* [Action item] Transcribe each line below verbatim; pictures excluded.

* [Dataset excerpt]

****************************************

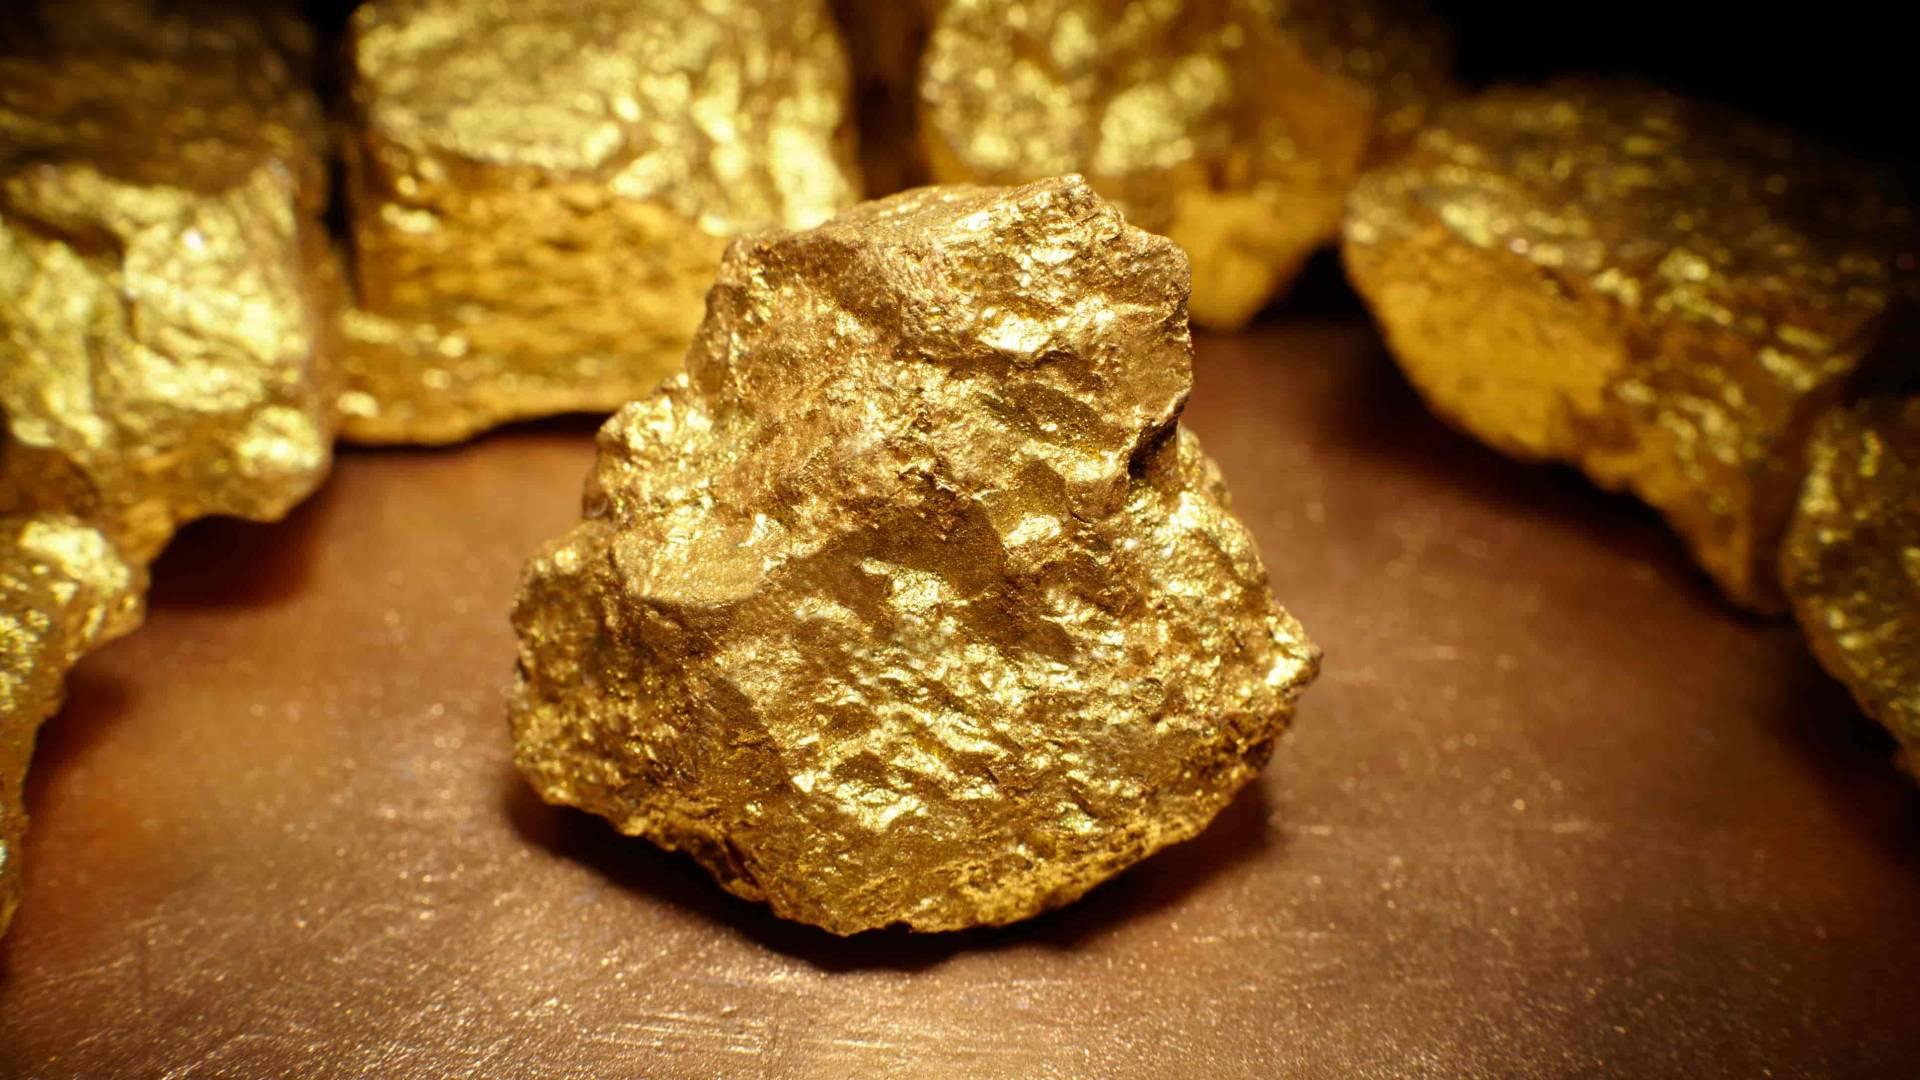 Μέταλλο Χρυσού: Πώς Έγινε η Βάση του Παγκόσμιου Νομισματικού Συστήματος
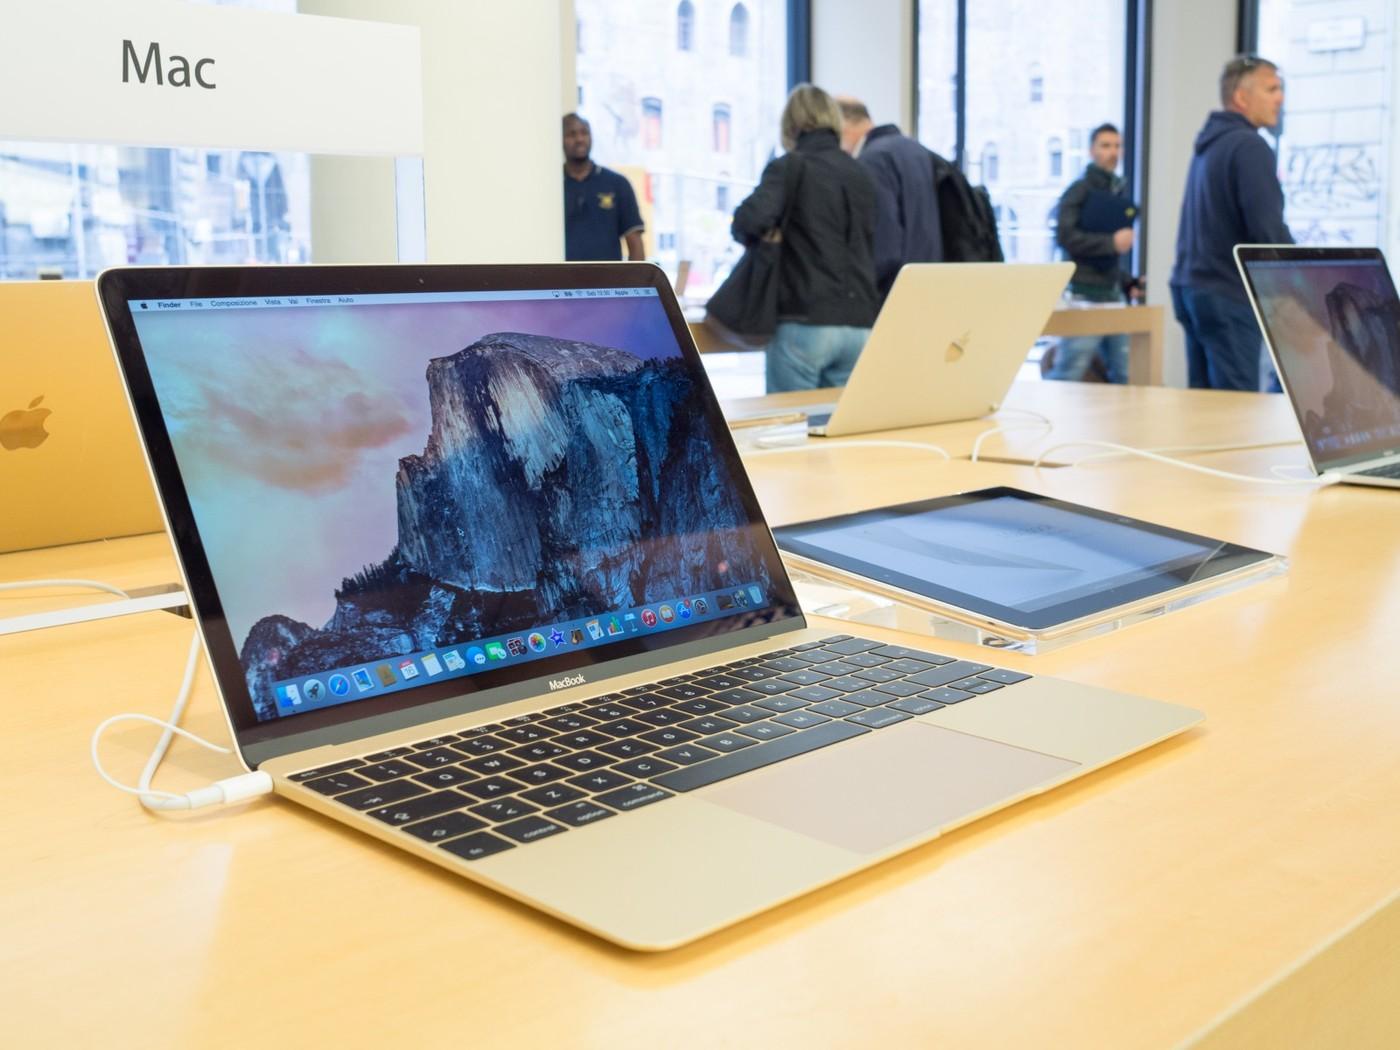 全球PC出貨連八季萎縮,蘋果Mac重摔、華碩逆勢成長
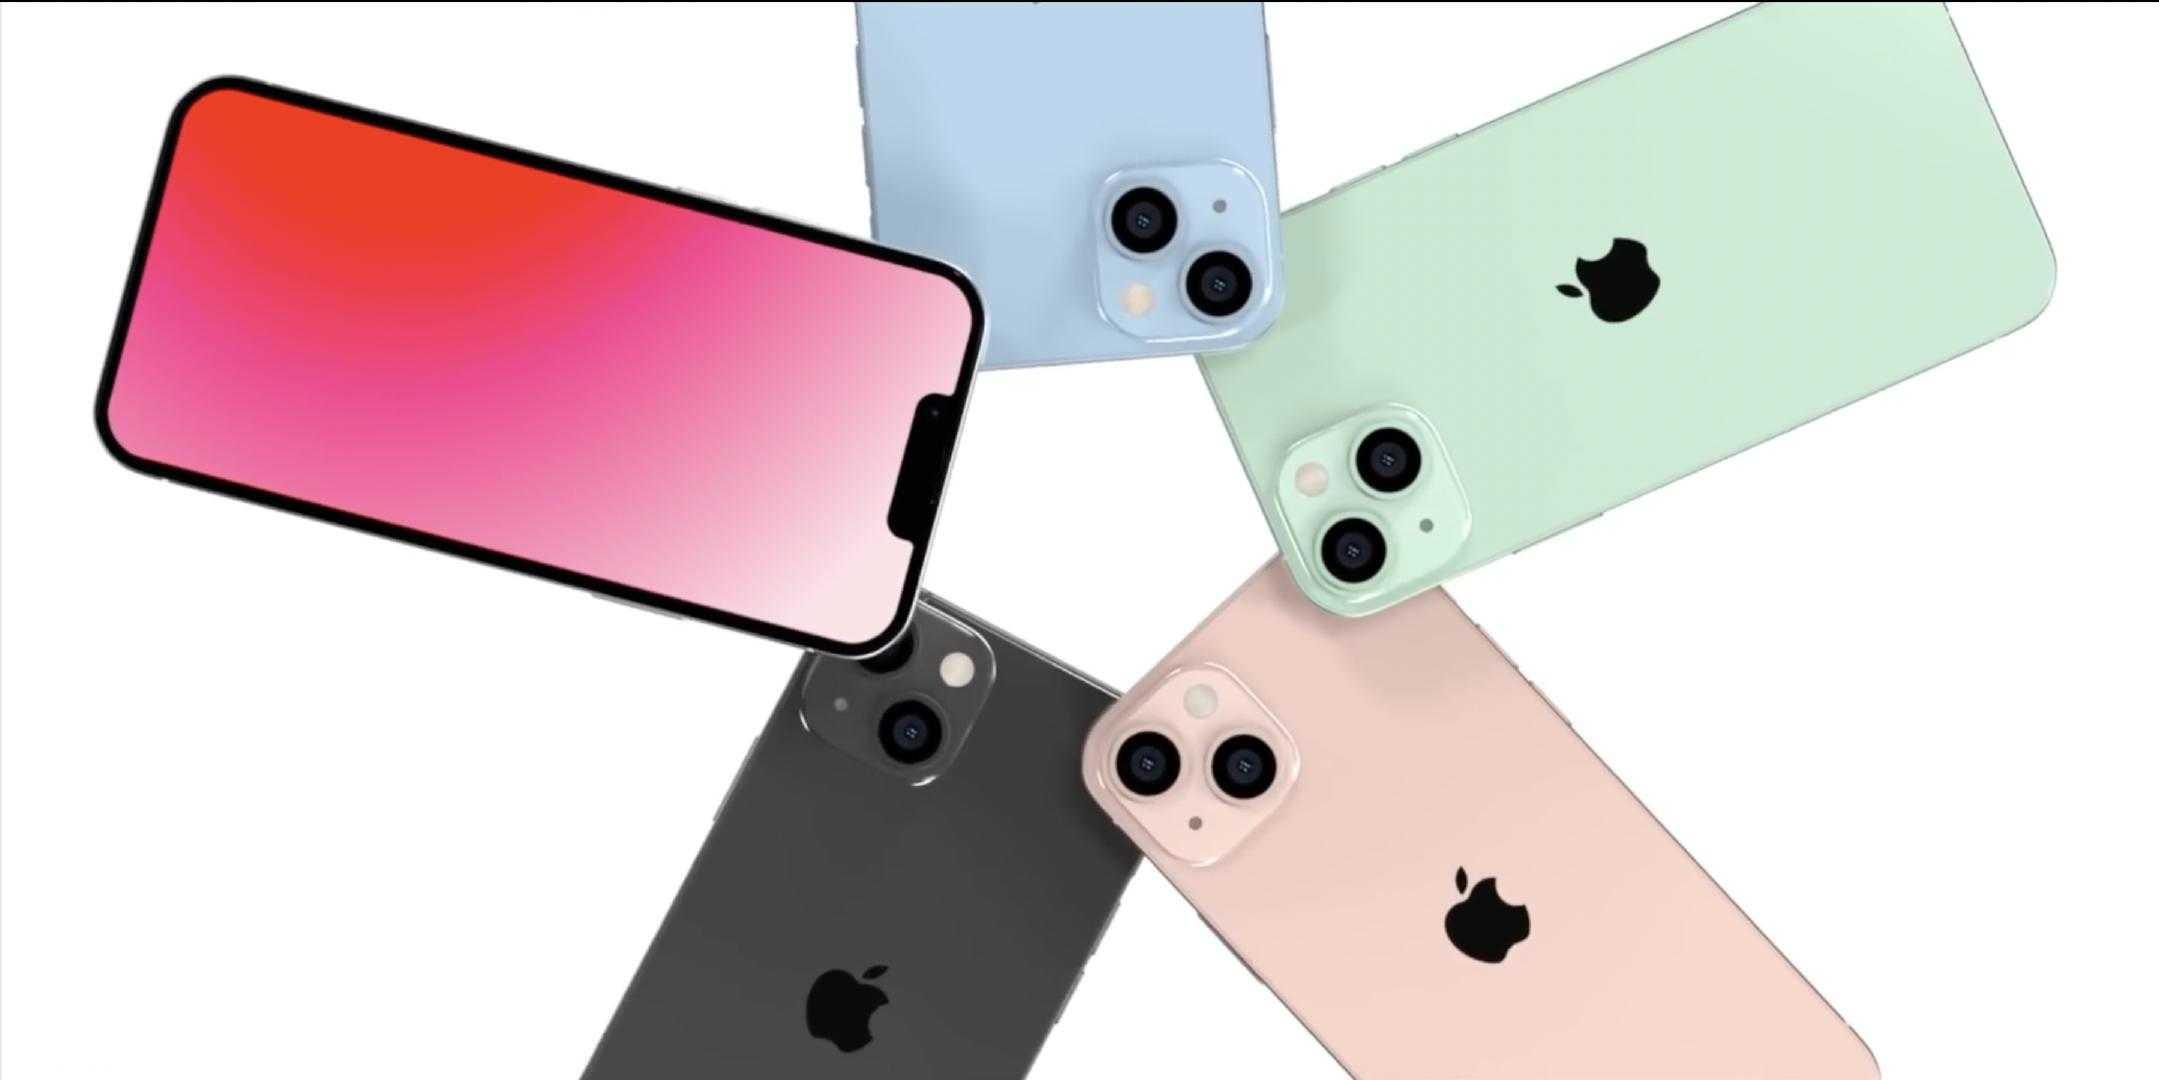 苹果13什么时候可以预定_苹果13预定时间

****************************************

* [Your solution]
 Μέταλλο Χρυσού: Πώς Έγινε η Βάση του Παγκόσμιου Νομισματικού Συστήματος
 全球PC出貨連八季萎縮,蘋果Mac重摔、華碩逆勢成長
 苹果13什么时候可以预定_苹果13预定时间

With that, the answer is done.